La singularité de cette démarche de recherche-développement est à l’origine d’une réflexion théorique et méthodologique sur des espaces communs, impliquant la mise en place d’un dispositif spécifique qui combine plusieurs volets scientifiques, afin d’aboutir à un objectif pluridisciplinaire : « La construction d’outils pertinents pour le développement » (OGM, 2002). Ces volets scientifiques sont : un volet « pauvreté et inégalités », un volet « biodiversité », un volet « systèmes ruraux » et un volet « innovation, pouvoir et foncier ». Entre avril 2003 et juin 2006, l’ensemble des travaux scientifiques ont eu pour principal objectif de construire les méthodes et les outils nécessaires à une expertise scientifique opérationnelle pour l’accompagnement et le suivi d’actions de développement. Parmi les réalisations, l’OGM a produit un « état zéro » des situations rencontrées sur les zones d’étude sélectionnées, construisant une base pour les processus de suivi-évaluation des actions. Egalement, des plans de développement locaux ont été élaborés en concertation avec les populations locales, devenant des cadres de référence aux actions. En optant pour une méthode de co-construction des procédures, l’OGM s’est positionné en agent de liaison, en interface entre partenaires du développement aux logiques et aux stratégies si souvent éloignées : les bailleurs de fonds, les agents de développement (maîtres d’ouvrage et opérateurs) et les populations bénéficiaires (annexe 1).

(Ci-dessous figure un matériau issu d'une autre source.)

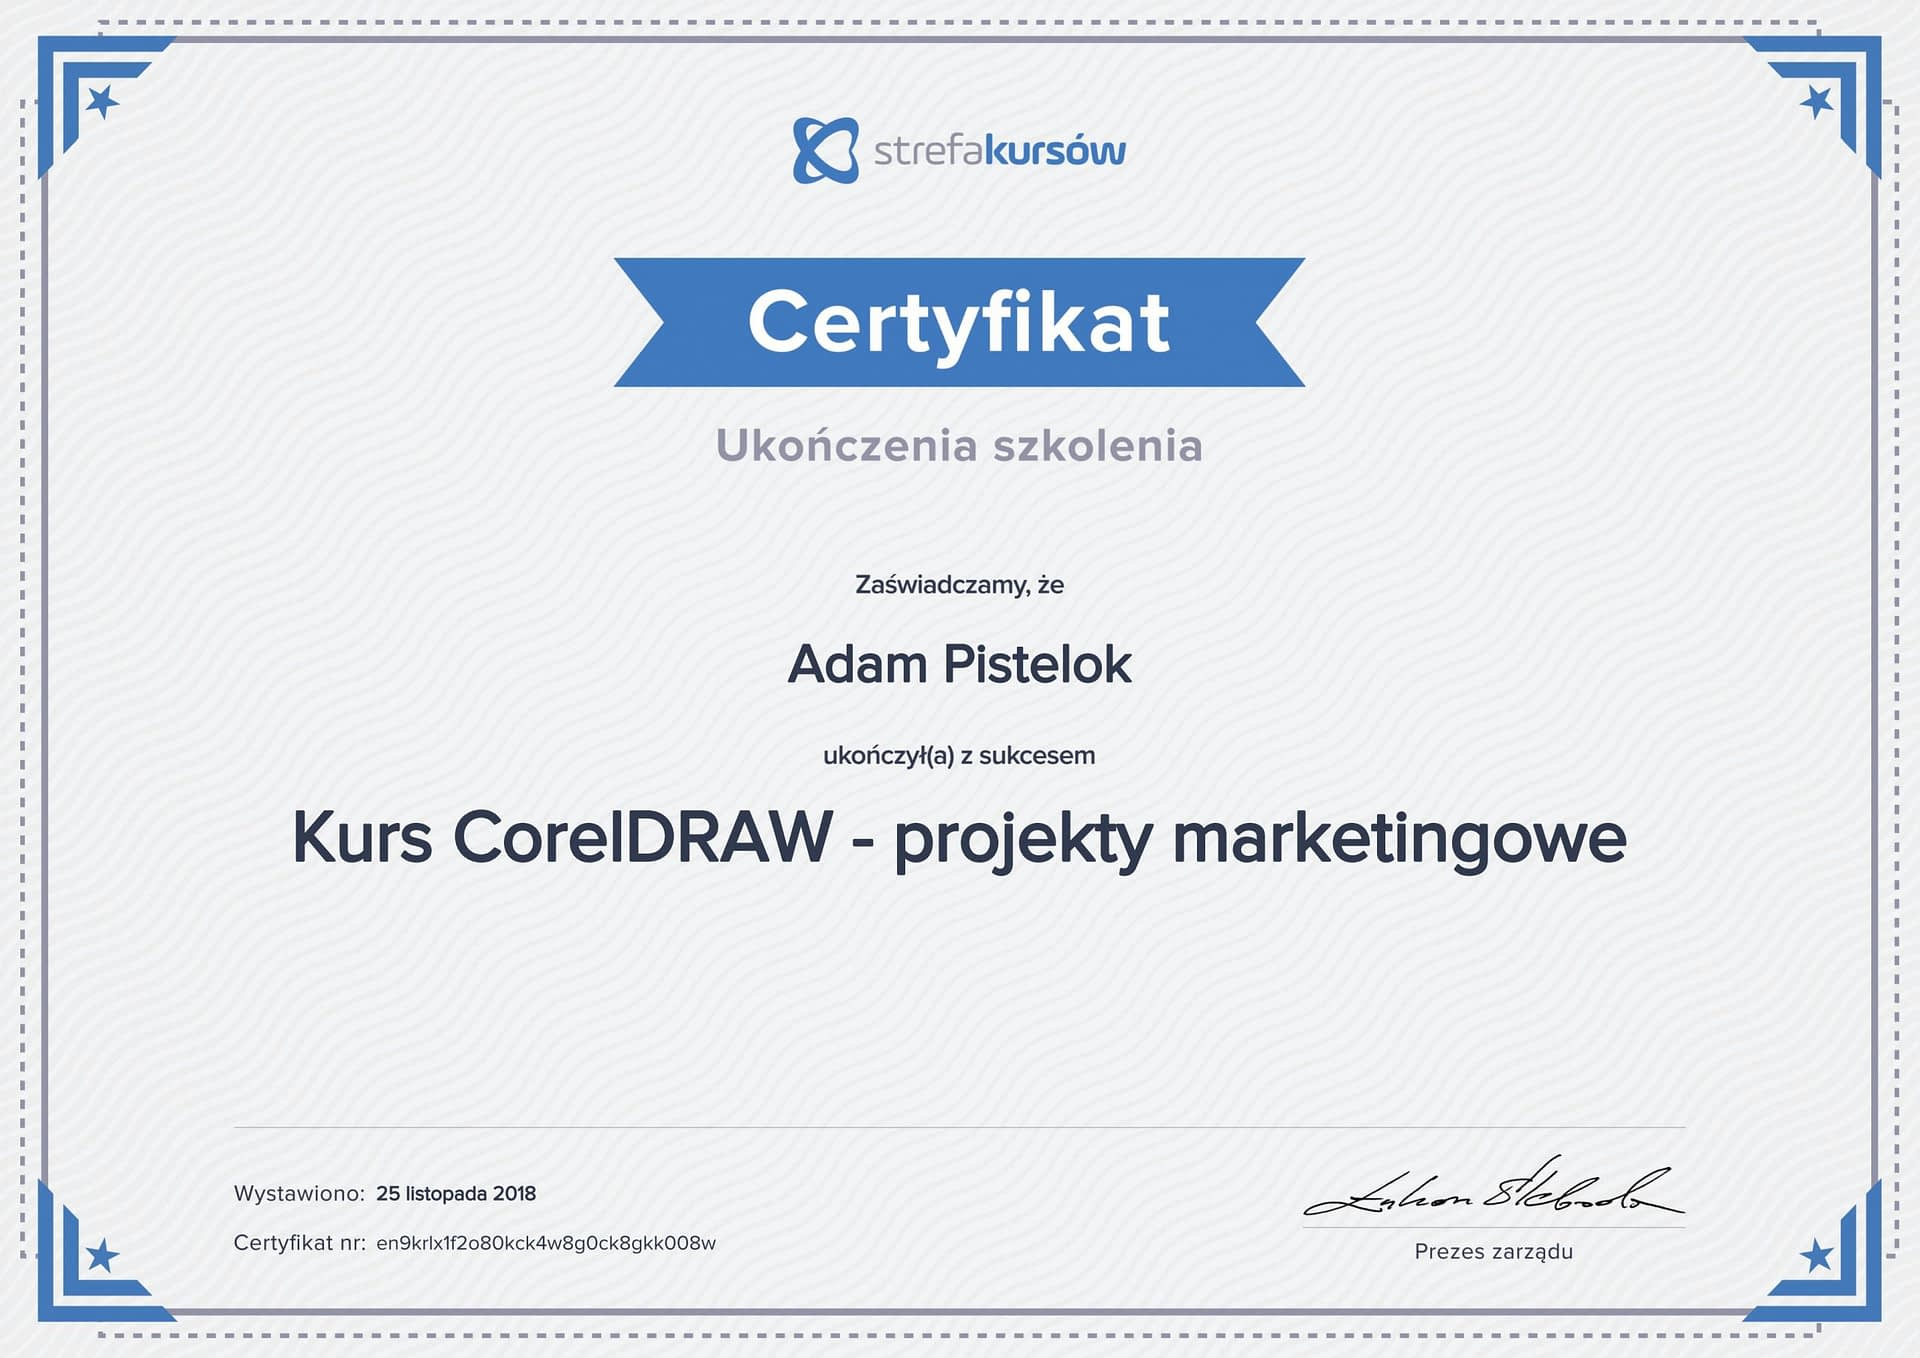 Corel draw projekty marketingowe

Les orientations opérationnelles et pluridisciplinaires de l’OGM ont offert aux différentes équipes de recherche thématiques de nombreux échanges pratiques et théoriques, permettant l’établissement de passerelles et la combinaison des approches sur des problématiques communes. Le montage d’un système d’information, au moyen d’une base de données commune à l’ensemble du programme, est l’un des outils dont nous disposons aujourd’hui pour aborder la dialectique entre

niveau d’accessibilité et niveau de développement humain. Plus particulièrement, notre participation aux travaux du volet Pauvreté et Inégalités nous permet l’accès au système d’information de ce volet, qui regroupe une multiplicité de données riches et variées, récoltés au fil des missions sur le terrain, puis analysées.